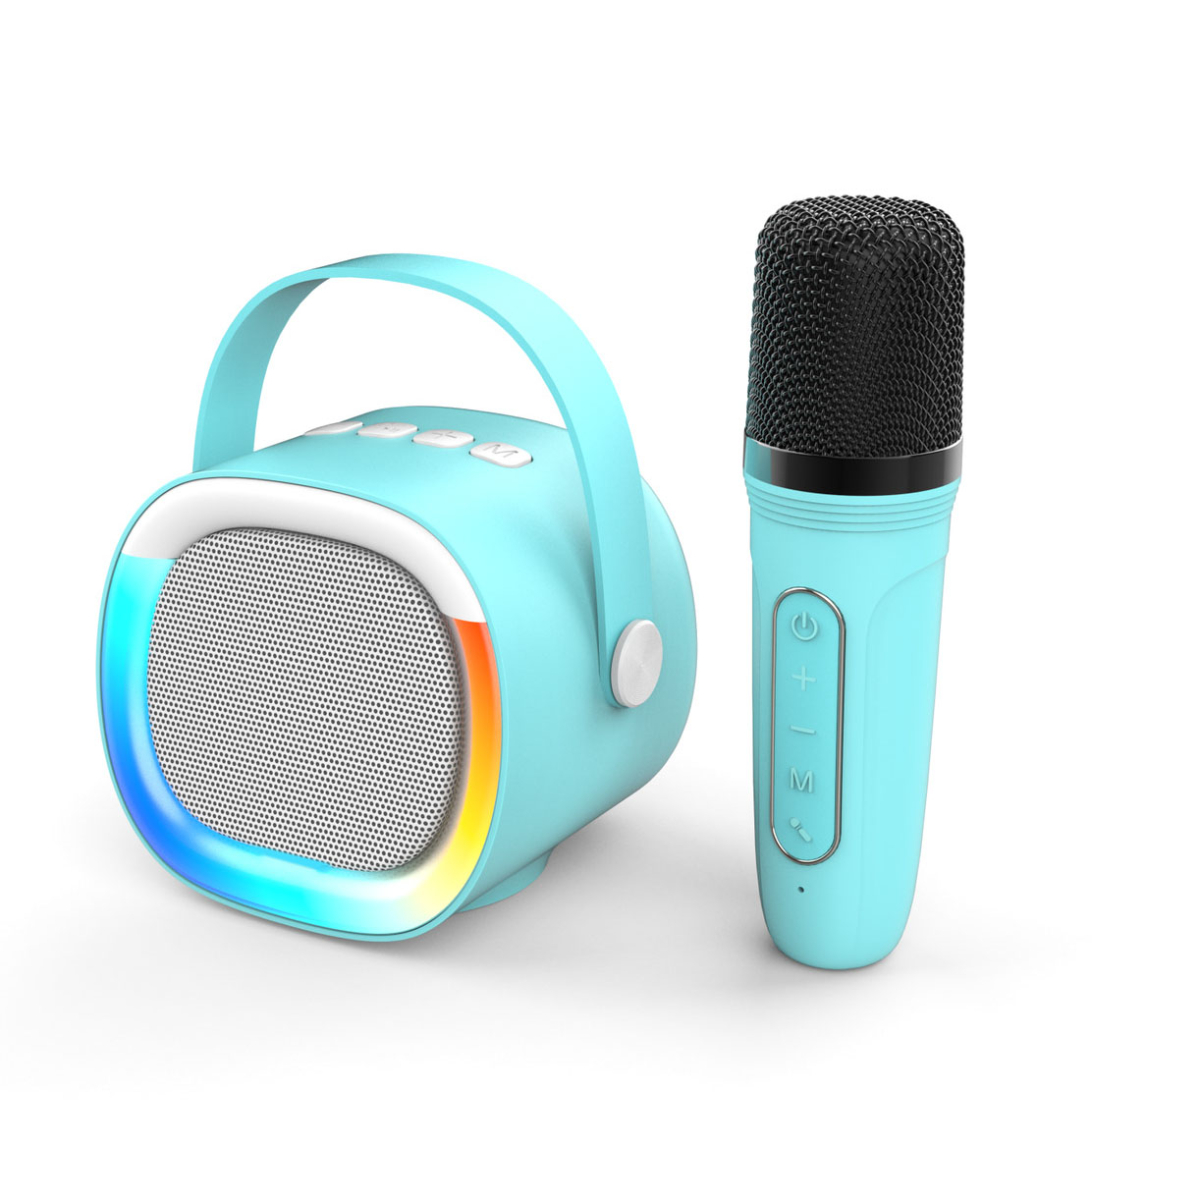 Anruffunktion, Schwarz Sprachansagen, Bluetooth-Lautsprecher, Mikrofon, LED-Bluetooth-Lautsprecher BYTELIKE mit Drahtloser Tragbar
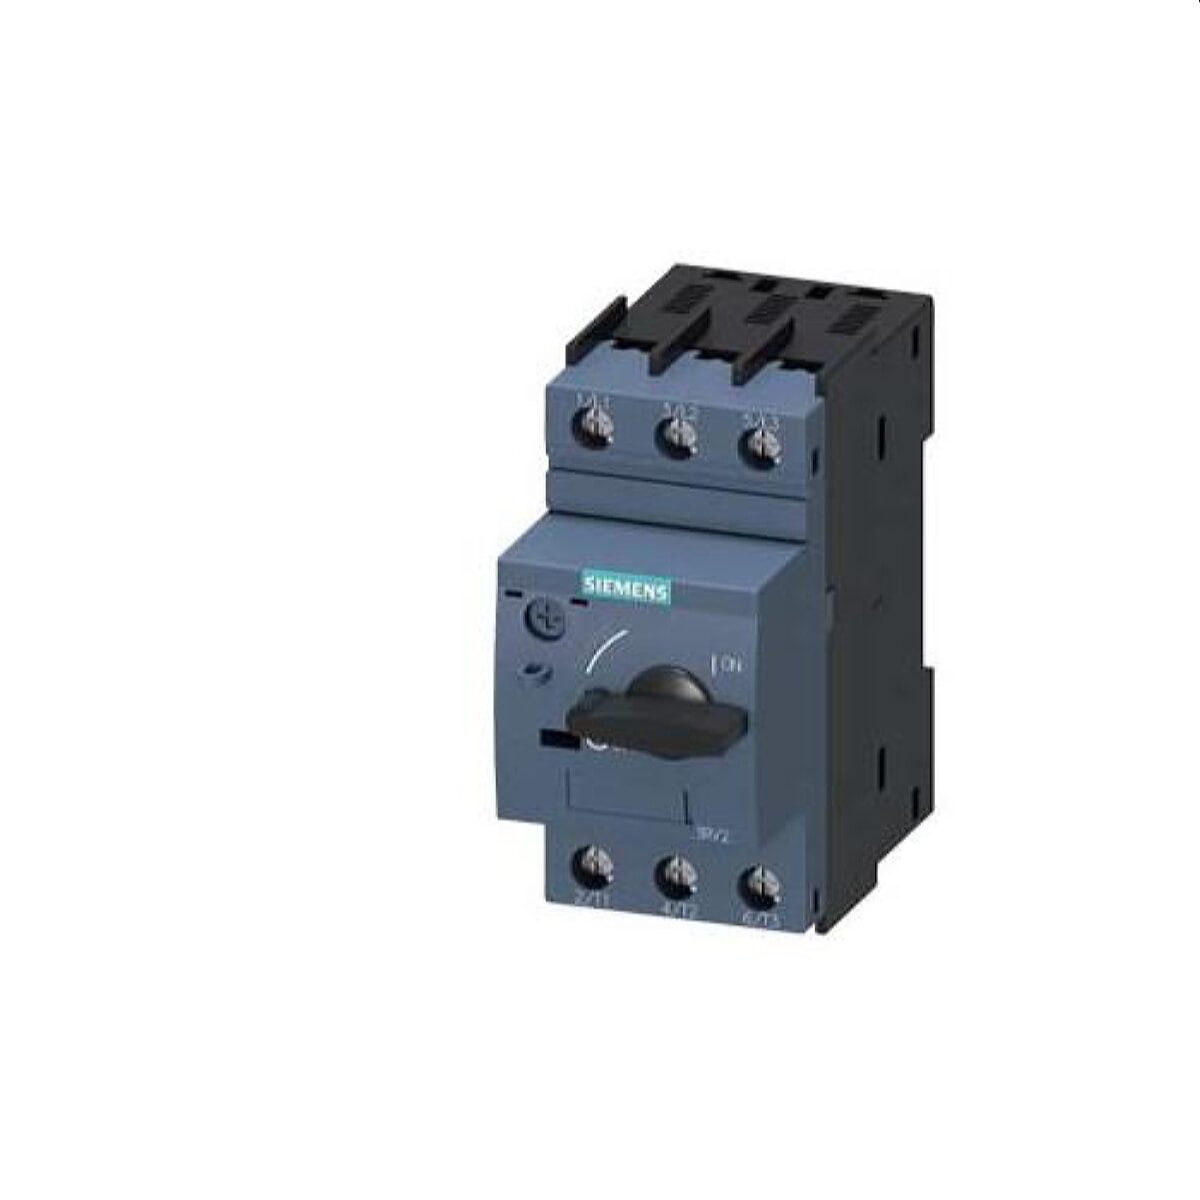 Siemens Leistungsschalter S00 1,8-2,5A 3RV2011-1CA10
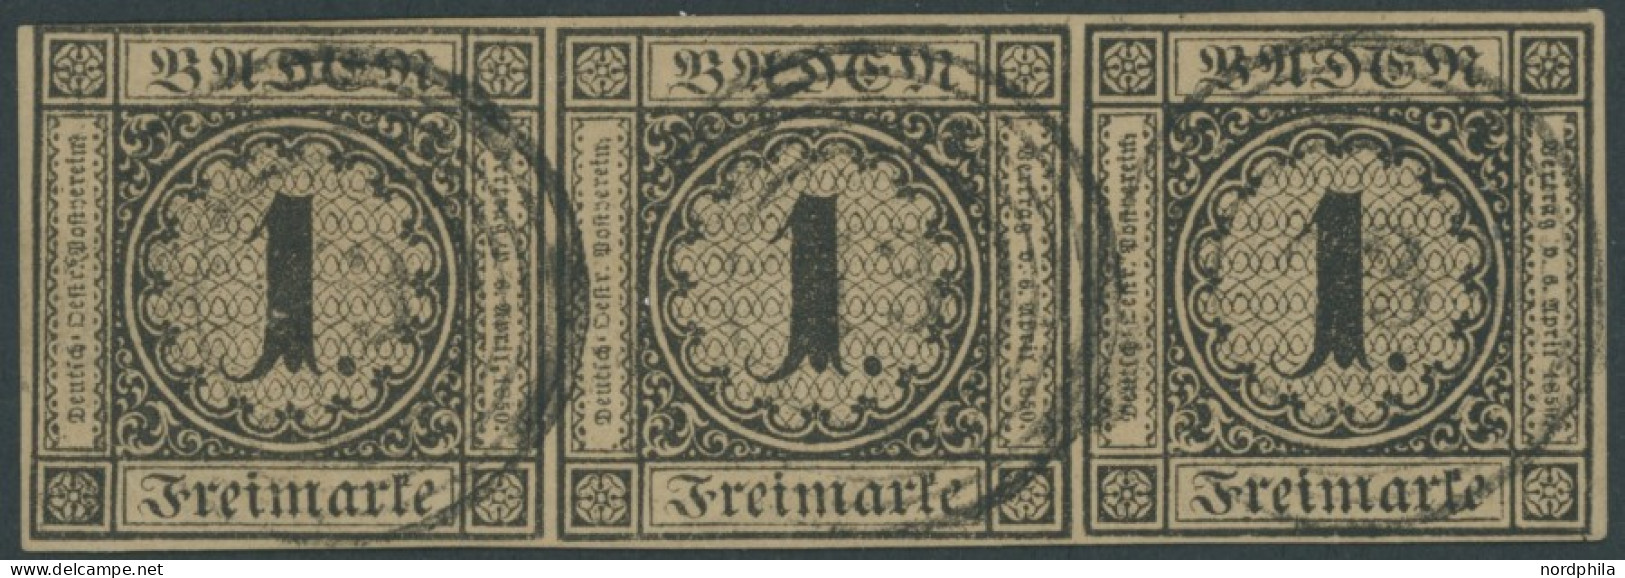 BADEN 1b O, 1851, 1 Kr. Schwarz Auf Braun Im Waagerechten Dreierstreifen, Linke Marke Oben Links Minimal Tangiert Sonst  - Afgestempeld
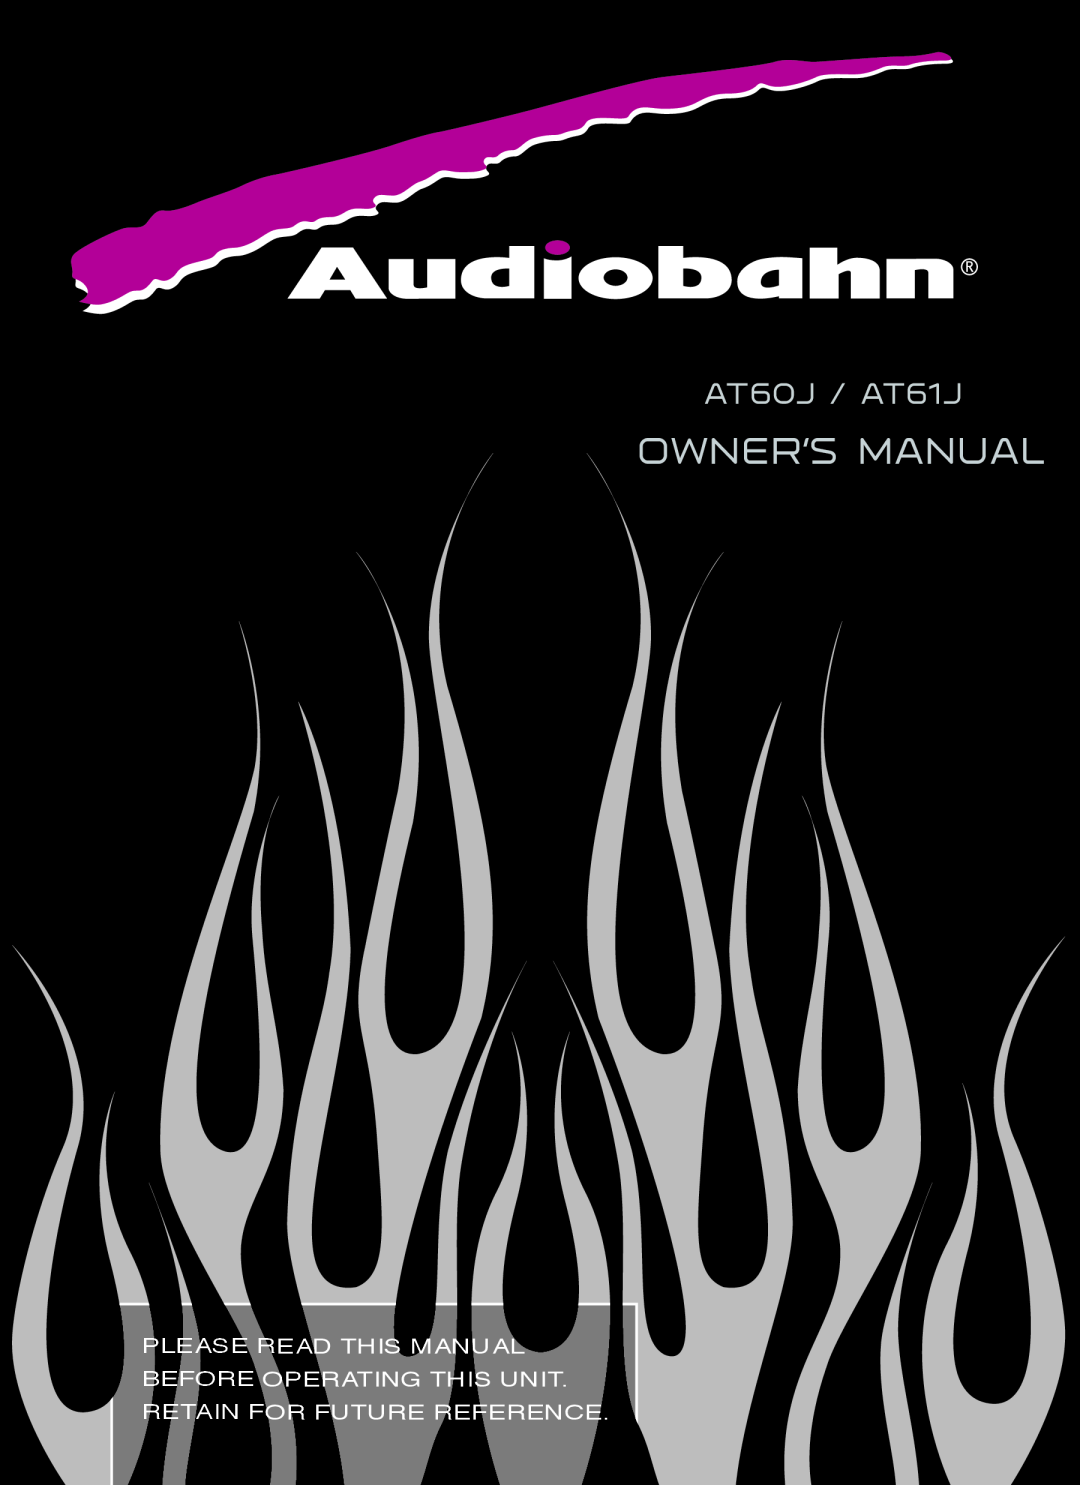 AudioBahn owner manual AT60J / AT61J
┄┄┄┄┄┄┄┄┄┄┄┄┄┄┄┄┄┄┄┄
Repeat the listing verbatim. Skip the pictures.

Output:
 Anruffunktion, Schwarz Sprachansagen, Bluetooth-Lautsprecher, Mikrofon, LED-Bluetooth-Lautsprecher BYTELIKE mit Drahtloser Tragbar
 Siemens Leistungsschalter S00 1,8-2,5A 3RV2011-1CA10
 BADEN 1b O, 1851, 1 Kr. Schwarz Auf Braun Im Waagerechten Dreierstreifen, Linke Marke Oben Links Minimal Tangiert Sonst  - Afgestempeld
 AudioBahn owner manual AT60J / AT61J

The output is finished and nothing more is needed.